Wednesday, March 30, 2011

Tilting at windmills: how to turn the UK green

Dale Vince spent 10 years living in a trailer on a hill outside Stroud. Now he runs an energy company worth an estimated £100m and bats away takeover offers at an average rate of one a month.

It is not as much of a leap as it might appear. Mr Vince's "crazy plan" might be to become the seventh utility – an upstart rival to the so-called Big Six such as EDF and E.ON. But he remains a highly unusual energy boss by any measure. At a superficial level, he is the only one with long hair and jewellery, who dresses in torn jeans and a leather jacket. His views on the UK energy market are equally unorthodox.

"I was a hippy dropout, but I had an epiphany when I saw my first windfarm in 1991," Mr Vince says. "I thought, either I can carry on by myself with the windmill on my van, or I can get into the big stuff."

He chose the big stuff and set up Ecotricity, an electricity company which ploughs its profits into building green infrastructure – 540 wind turbines so far – steadily driving up the proportion of green energy in its fuel mix. "We turn brown to green," Mr Vince explains. "We don't mind harnessing conventional energy sources, so long as we are using the revenues to build an alternative."

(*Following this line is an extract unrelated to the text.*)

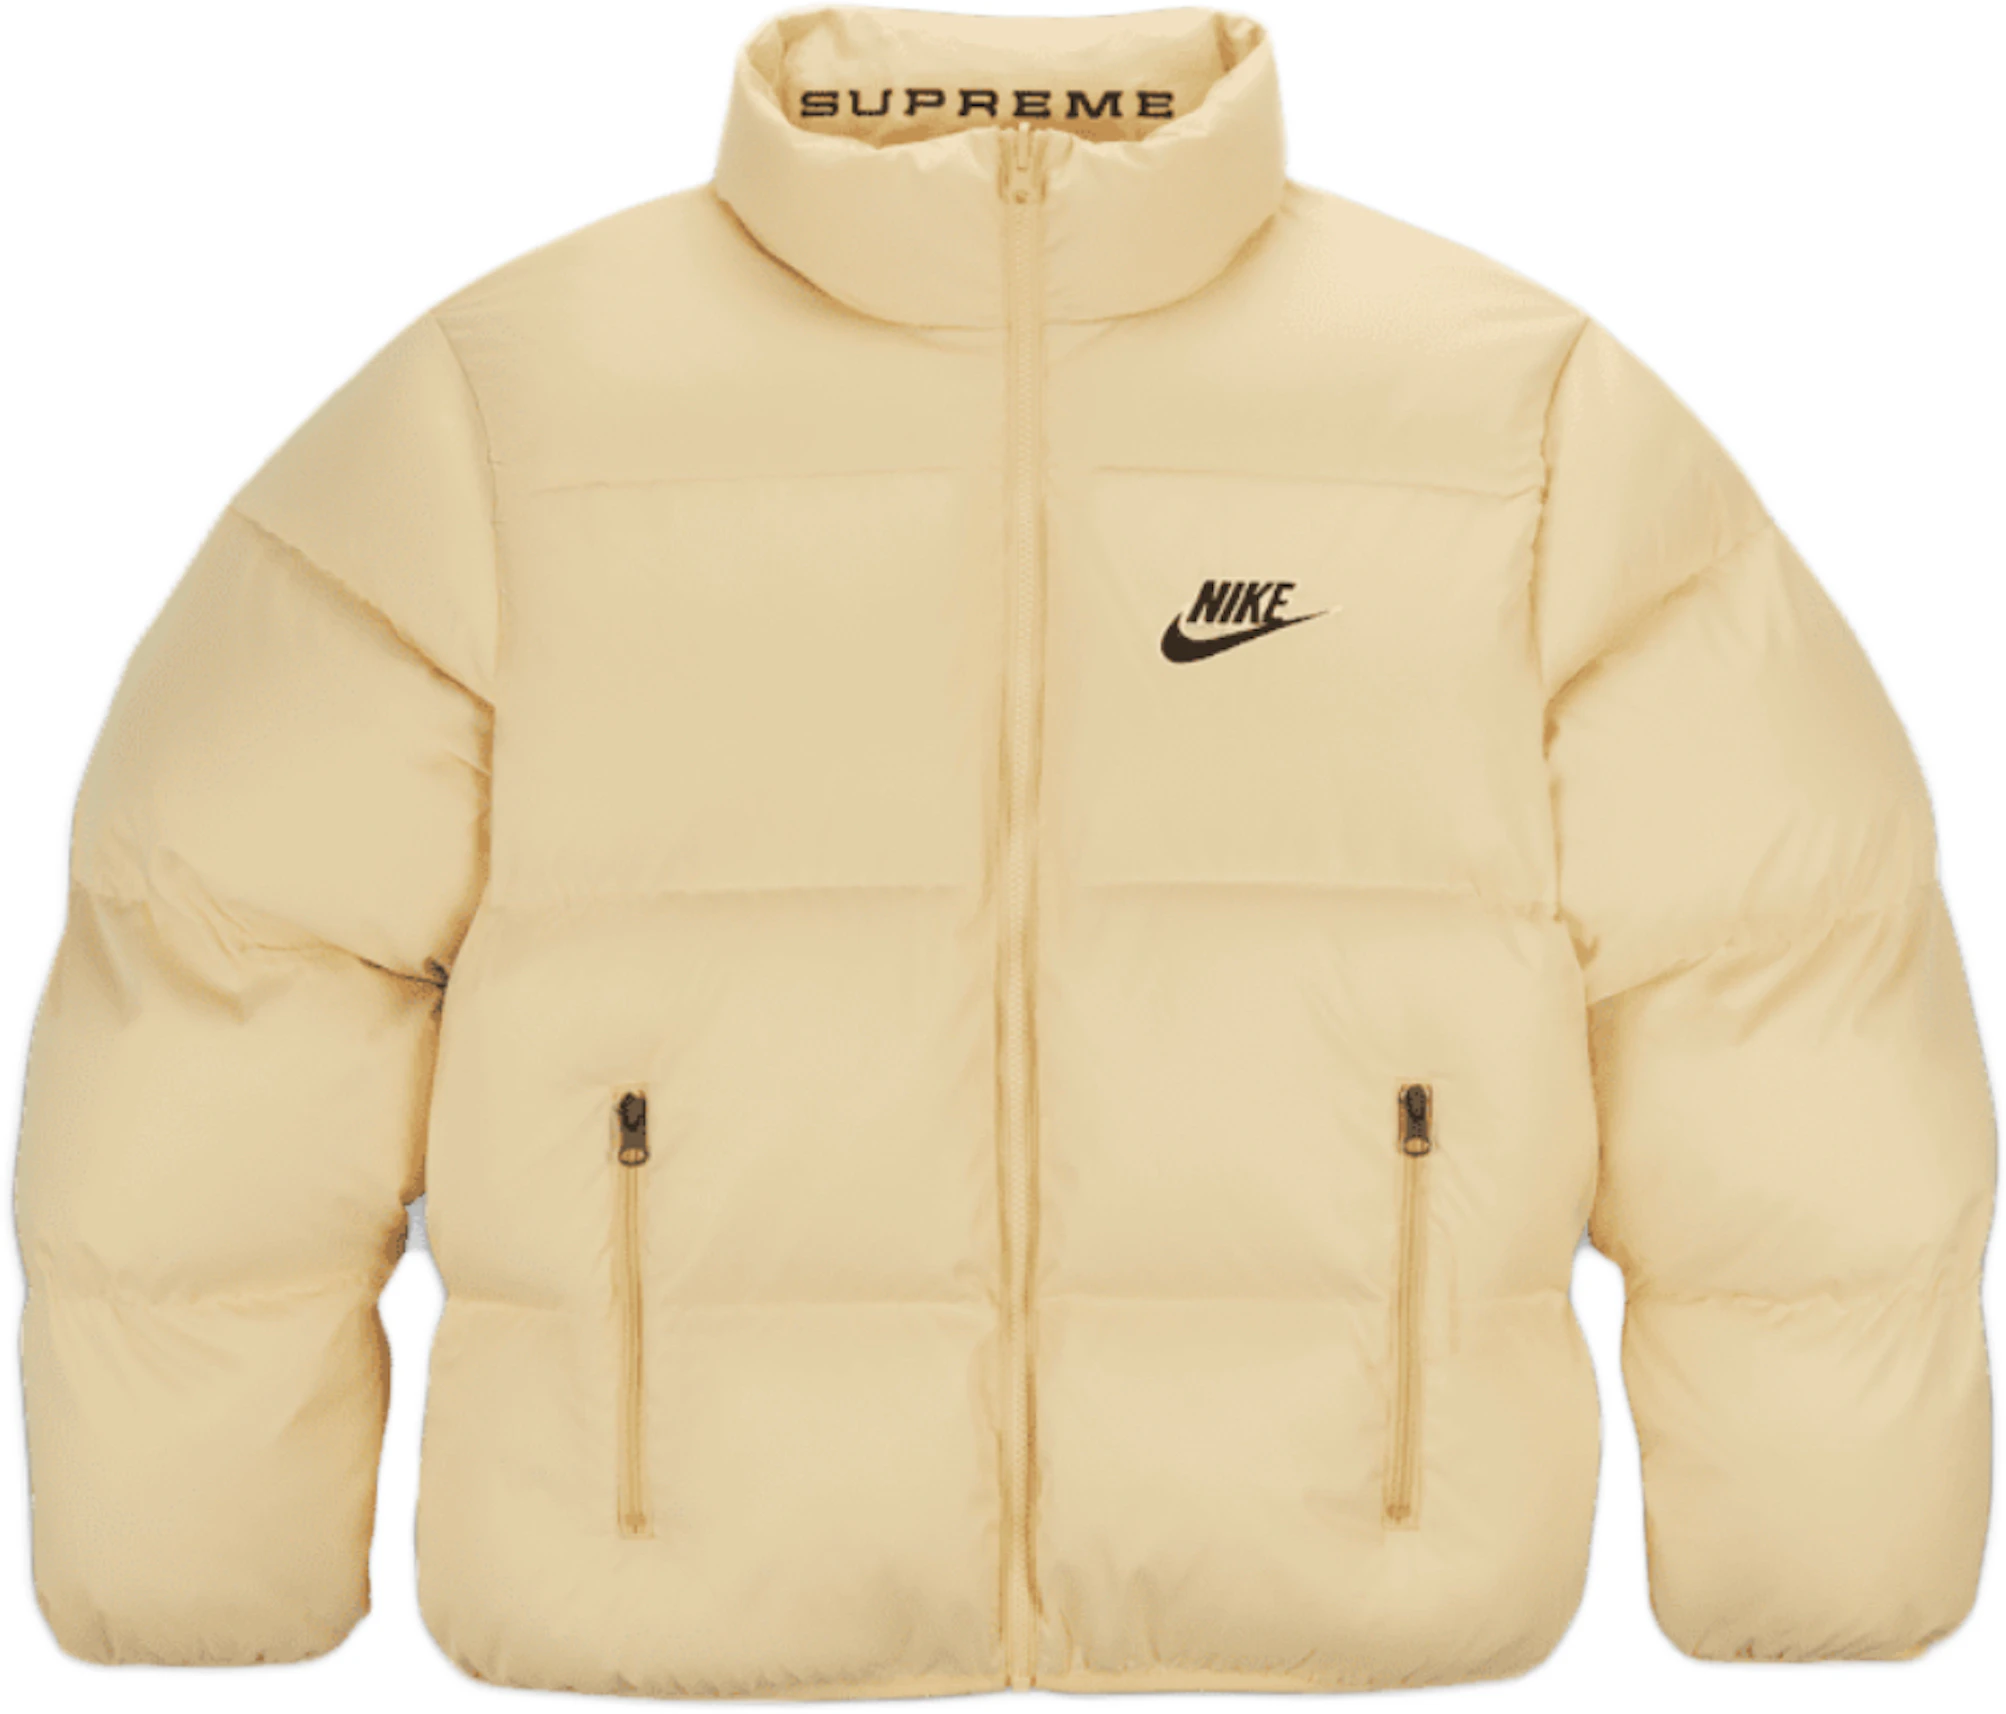 Supreme/NikeReversible Puffy Jacket

The approach is working. Sixteen years after the company started, it has 46,000 customers and is adding around 1,500 each month. The electricity started out 10 per cent green, this year it will hit 55 per cent. And the charges are comparable with the Big Six's standard tariffs.

Now Ecotricity is moving into gas. It already has 8,000 customers on its green gas tariff, and the income is building Britain's first anaerobic digestion plant turning food waste into gas for heating and cooking – a scheme that will be up and running in 12 months. "In our first year, green gas from a sugar beet factory in Holland was 1.4 per cent of our supply," Mr Vince says. "It might not be much but it's still the greenest gas supply in Britain, and next year we expect to double it."

Mr Vince has serious ambitions. "The crazy plan to become the Big Seventh is not just a crazy plan – we're really doing it," he says. "Ten years from now I'd like to see one million customers."